3. Launch a container

  // cifs/share matches the volume as defined in Step #2 using docker volume create
  $ docker run -it -v cifshost/share:/mount ubuntu /bin/bash

Security Option

Some CIFS servers may require a specific security mode to connect. The security option defines the sec option that is passed to mount.cifs. More information about available sec options. e.g.: Apple Time Capsule's require the security mode ntlm.

License

This software is licensed under the Apache 2 license, quoted below.
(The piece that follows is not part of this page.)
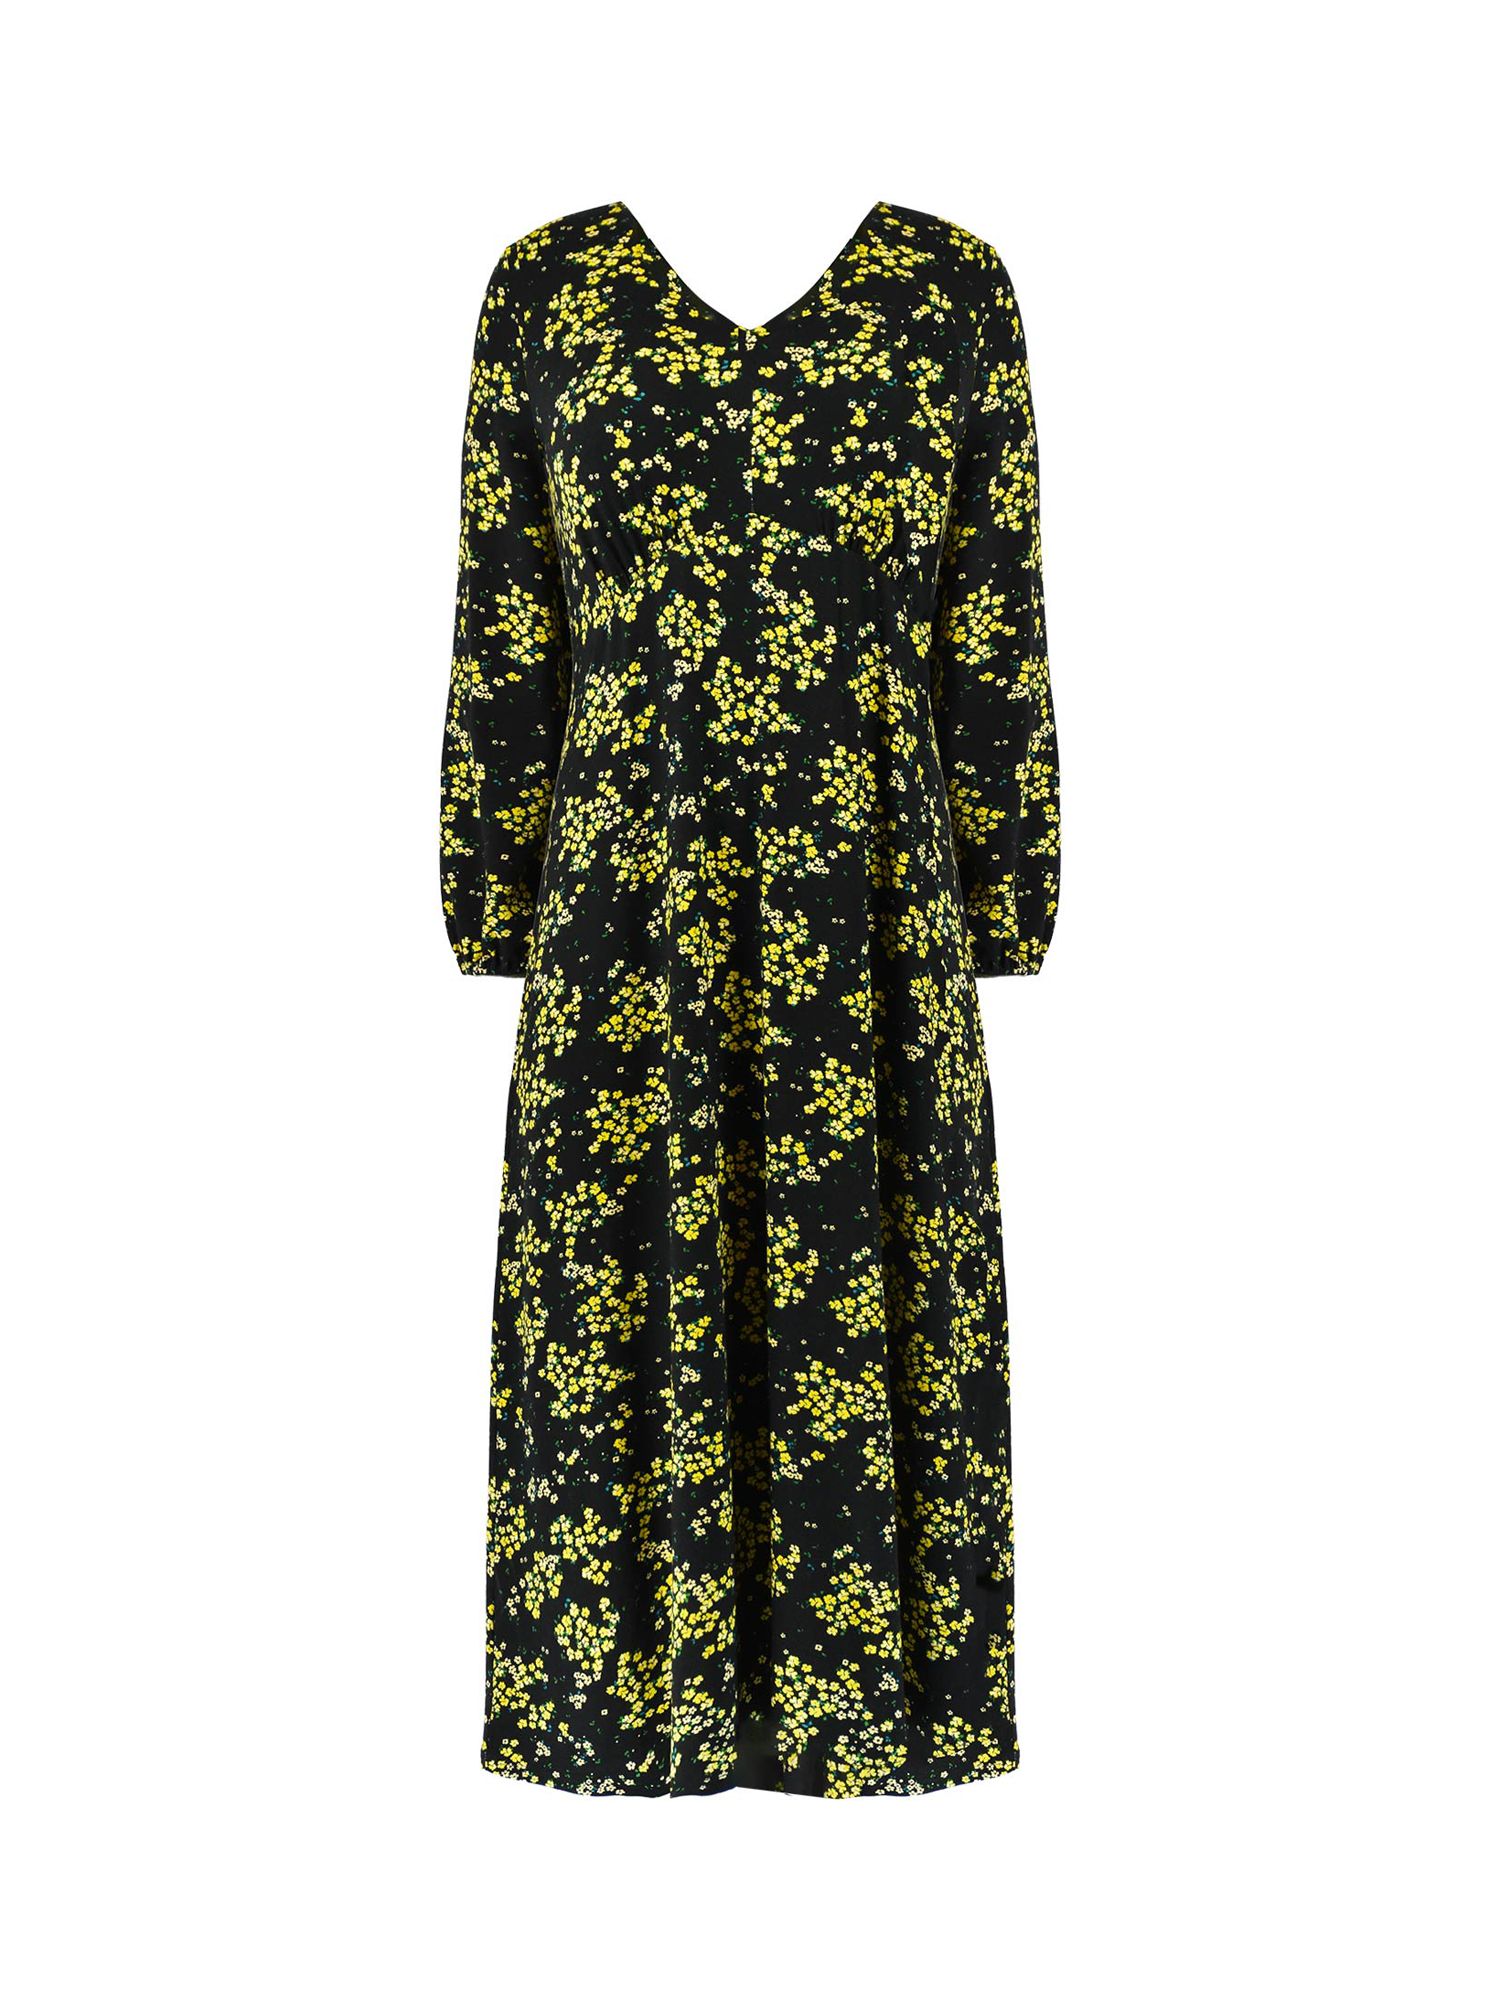 Live Unlimited Curve Ditsy Floral Print Gathered Midi Dress, Yellow/Black, 14

Copyright 2019 ContainX / Jeremy Unruh

Licensed under the Apache License, Version 2.0 (the "License"); you may not use this file except in compliance with the License. You may obtain a copy of the License at

http://www.apache.org/licenses/LICENSE-2.0 Unless required by applicable law or agreed to in writing, software distributed under the License is distributed on an "AS IS" BASIS, WITHOUT WARRANTIES OR CONDITIONS OF ANY KIND, either express or implied. See the License for the specific language governing permissions and limitations under the License.